DATA EXTRACT:
———
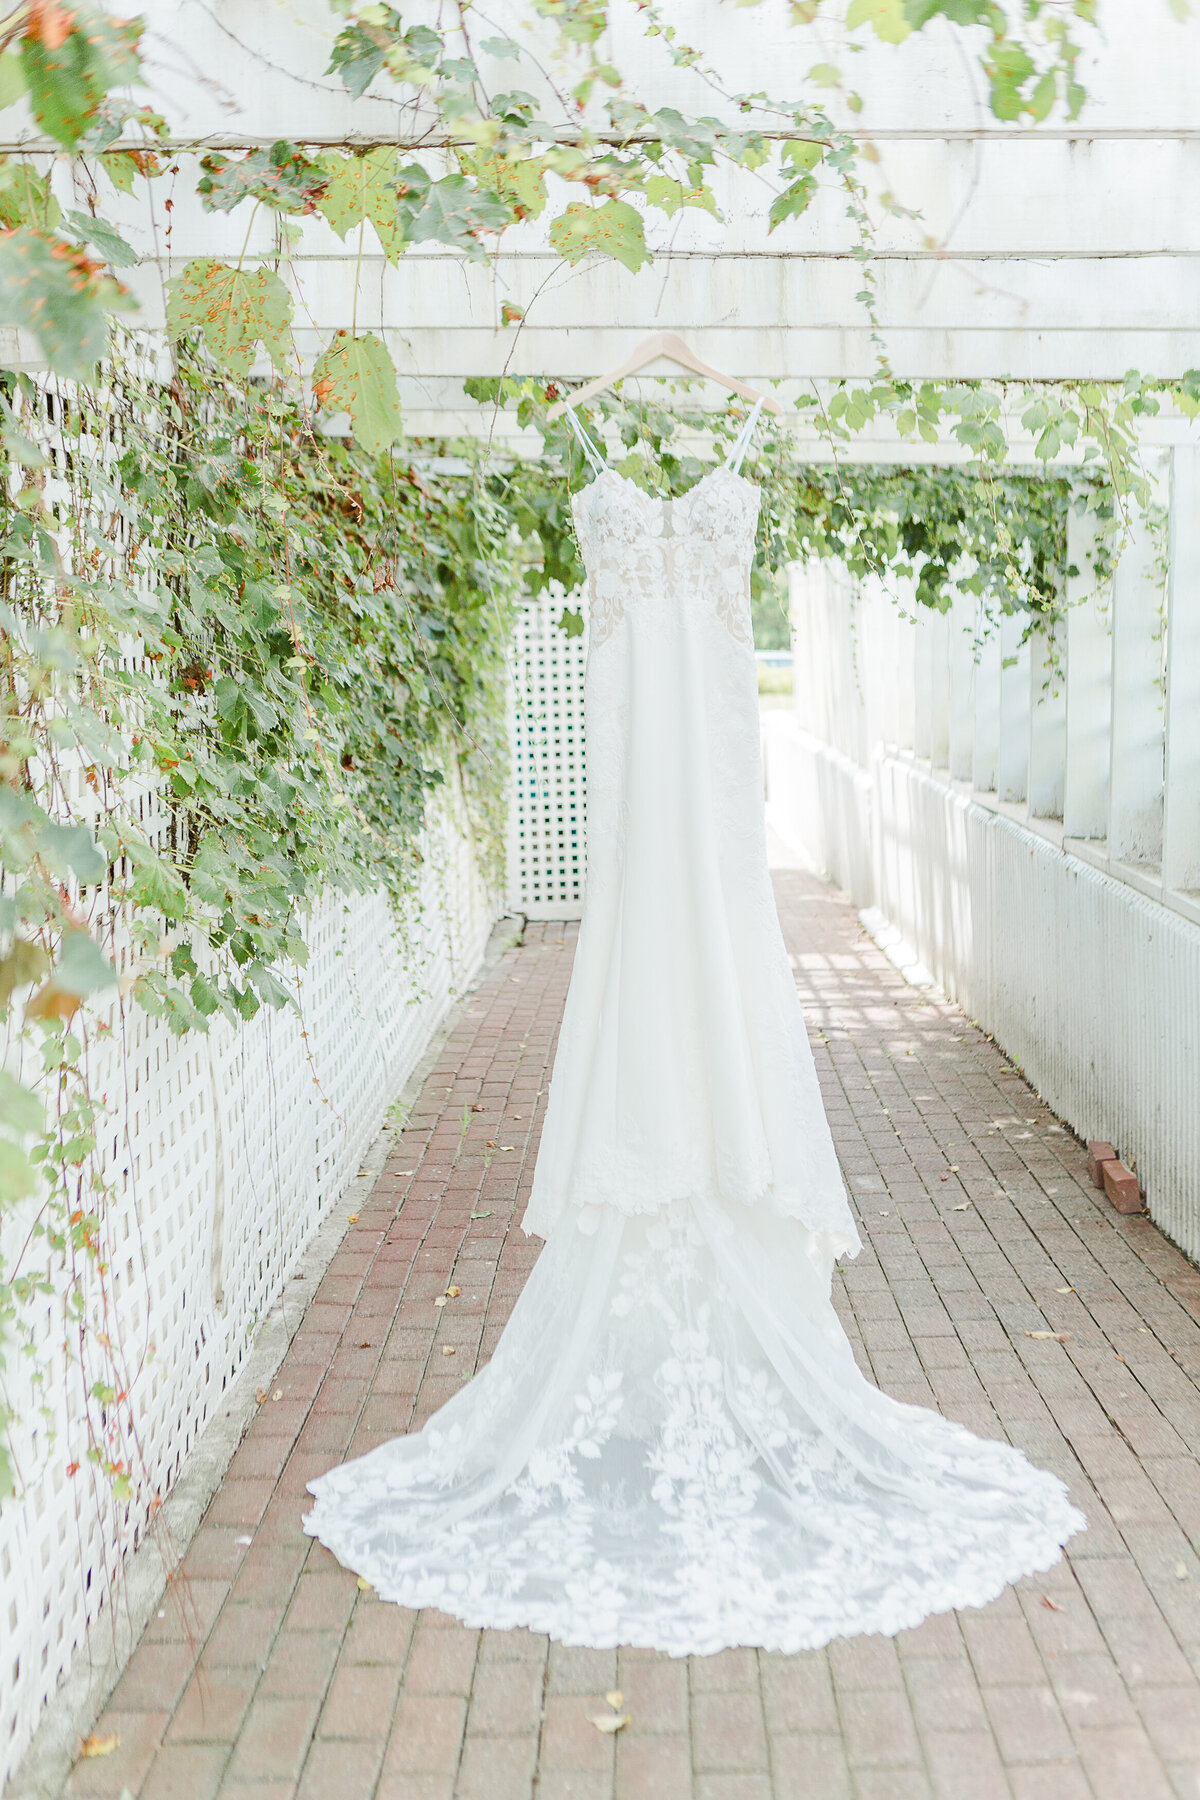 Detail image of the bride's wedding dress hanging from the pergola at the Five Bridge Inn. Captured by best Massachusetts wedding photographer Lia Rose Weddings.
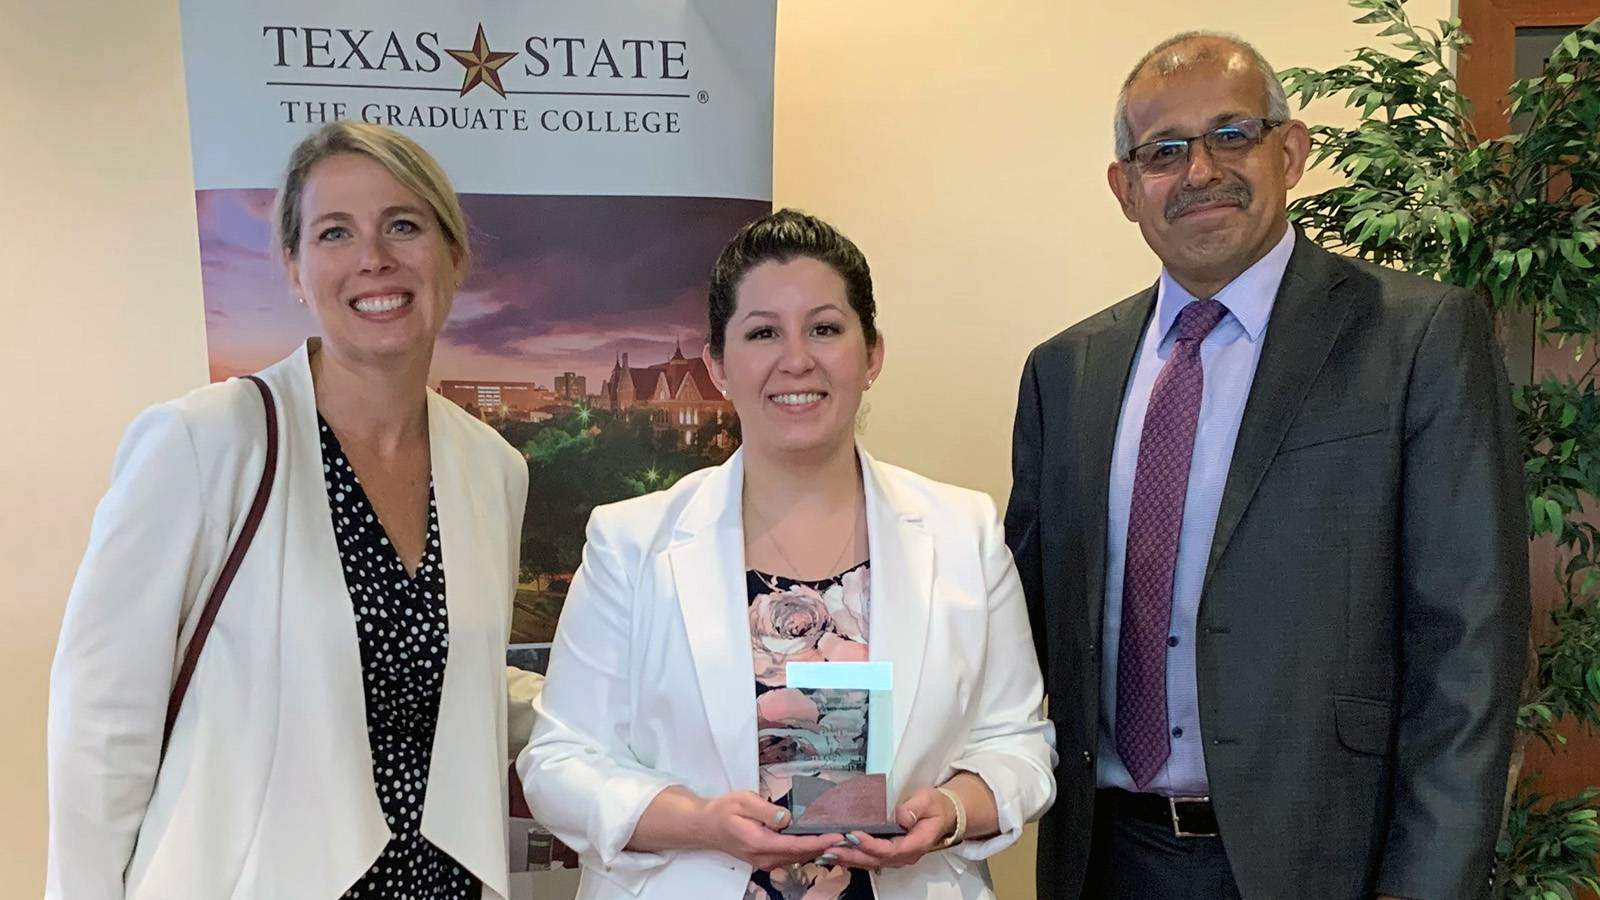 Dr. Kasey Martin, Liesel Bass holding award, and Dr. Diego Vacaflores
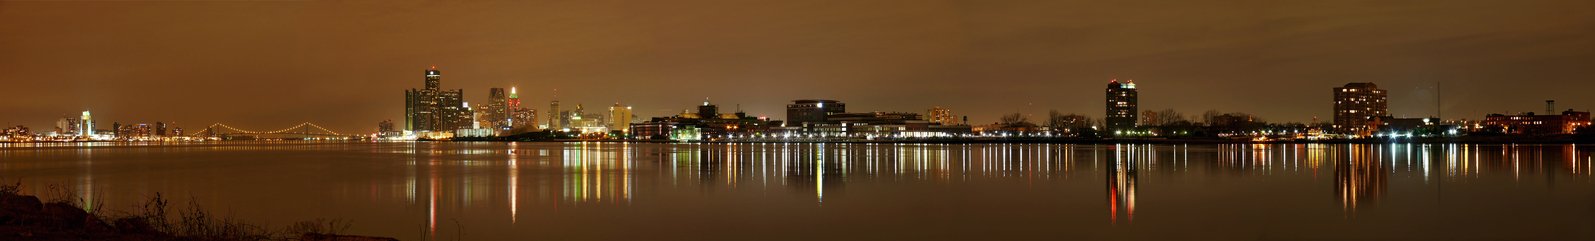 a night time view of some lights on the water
———
WHAT THE EXERCISE ASKS:
Go through the listing above and write it all out exactly, leaving out any picture.

SOLUTION:
 Detail image of the bride's wedding dress hanging from the pergola at the Five Bridge Inn. Captured by best Massachusetts wedding photographer Lia Rose Weddings.
 Dr. Kasey Martin, Liesel Bass holding award, and Dr. Diego Vacaflores
 a night time view of some lights on the water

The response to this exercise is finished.